SUPPLIED MATERIAL:
-- Opening Marker --
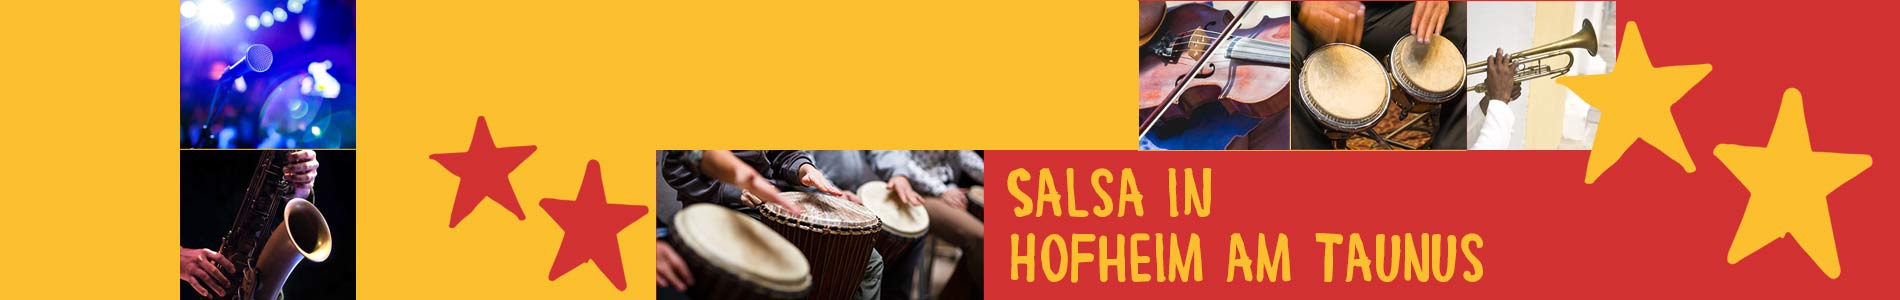 Salsa in Hofheim am Taunus – Salsa lernen und tanzen, Tanzkurse, Partys, Veranstaltungen
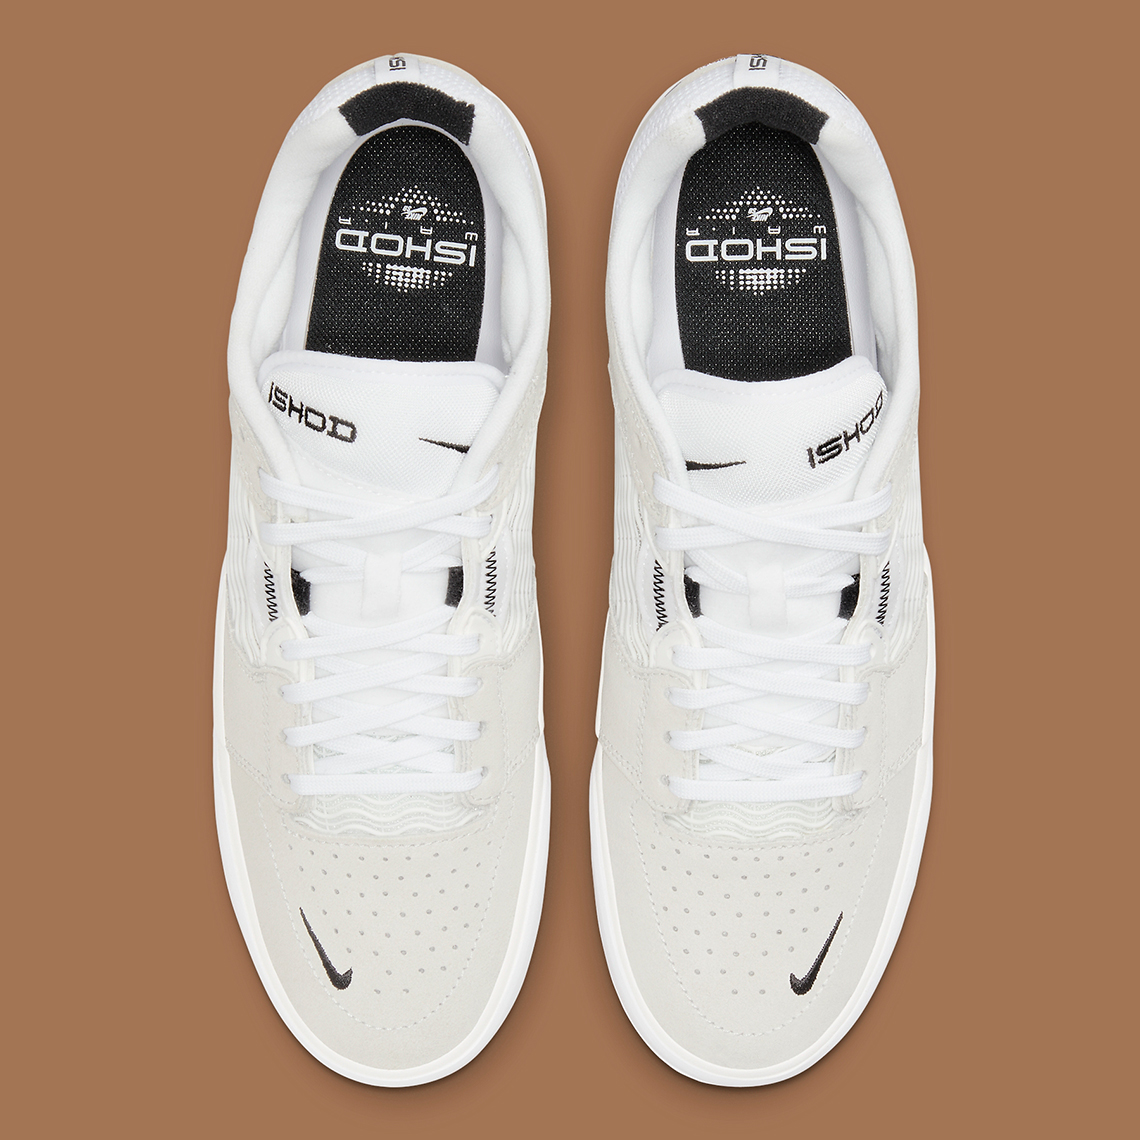 Nike SB Ishod Wair White Gum DC7232-101 | SneakerNews.com
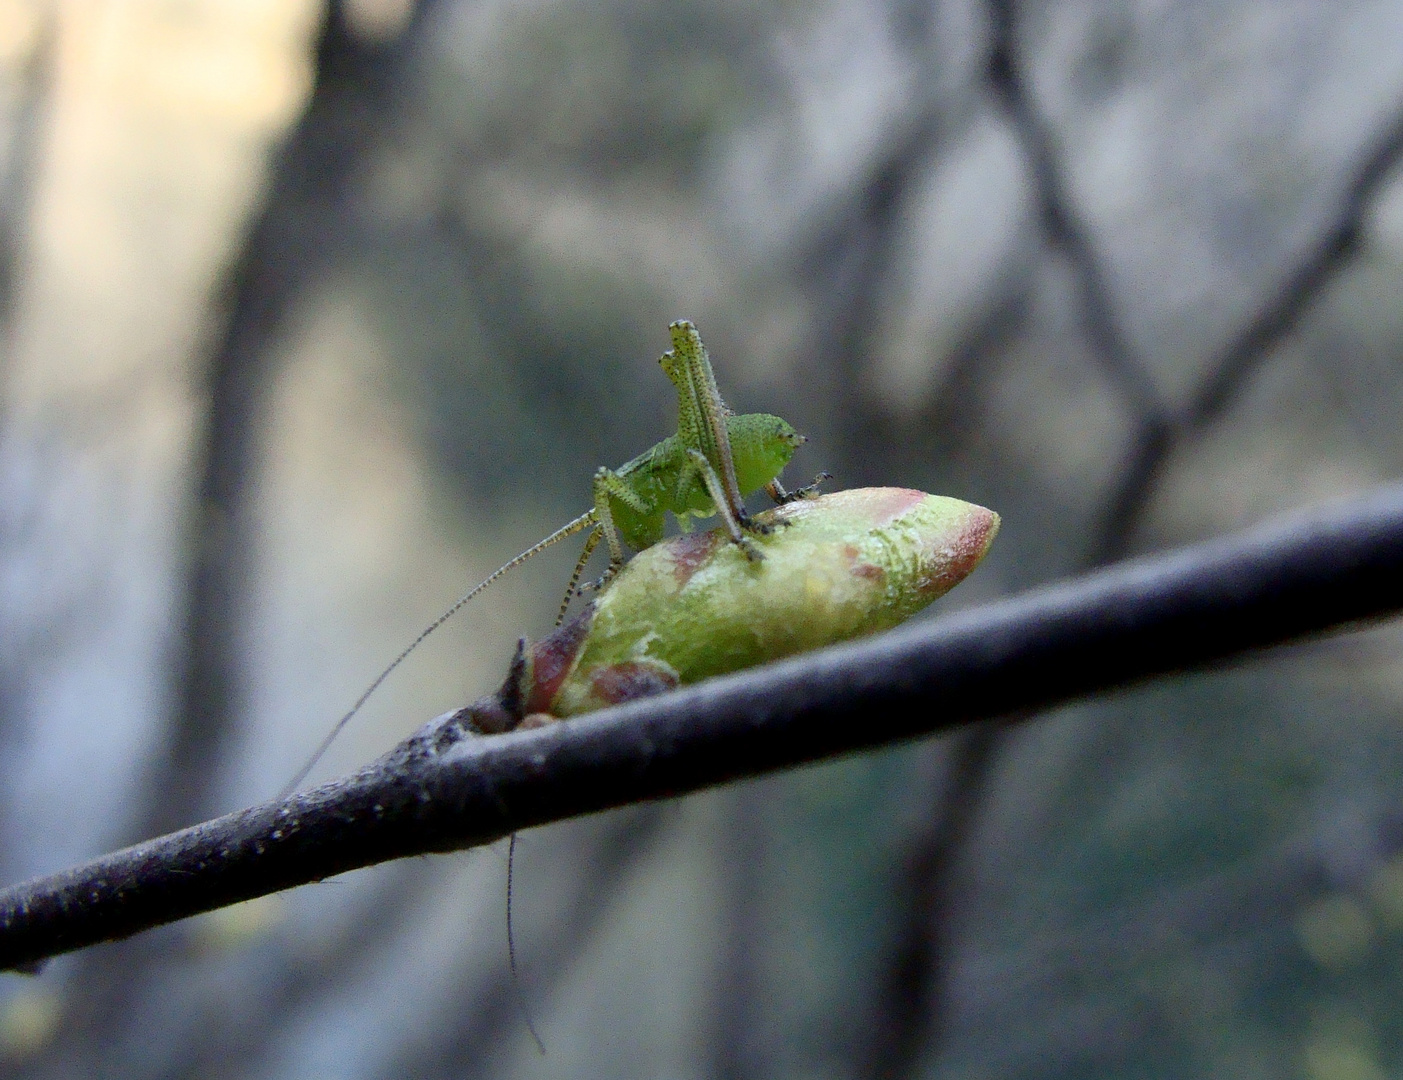 Tiny grasshopper
-- Closing Marker --
WORK REQUEST:
Repeat the material exactly. Any picture in it should be dropped.

RESULT OF THE EXERCISE:
 Salsa in Hofheim am Taunus – Salsa lernen und tanzen, Tanzkurse, Partys, Veranstaltungen
 Nike SB Ishod Wair White Gum DC7232-101 | SneakerNews.com
 Tiny grasshopper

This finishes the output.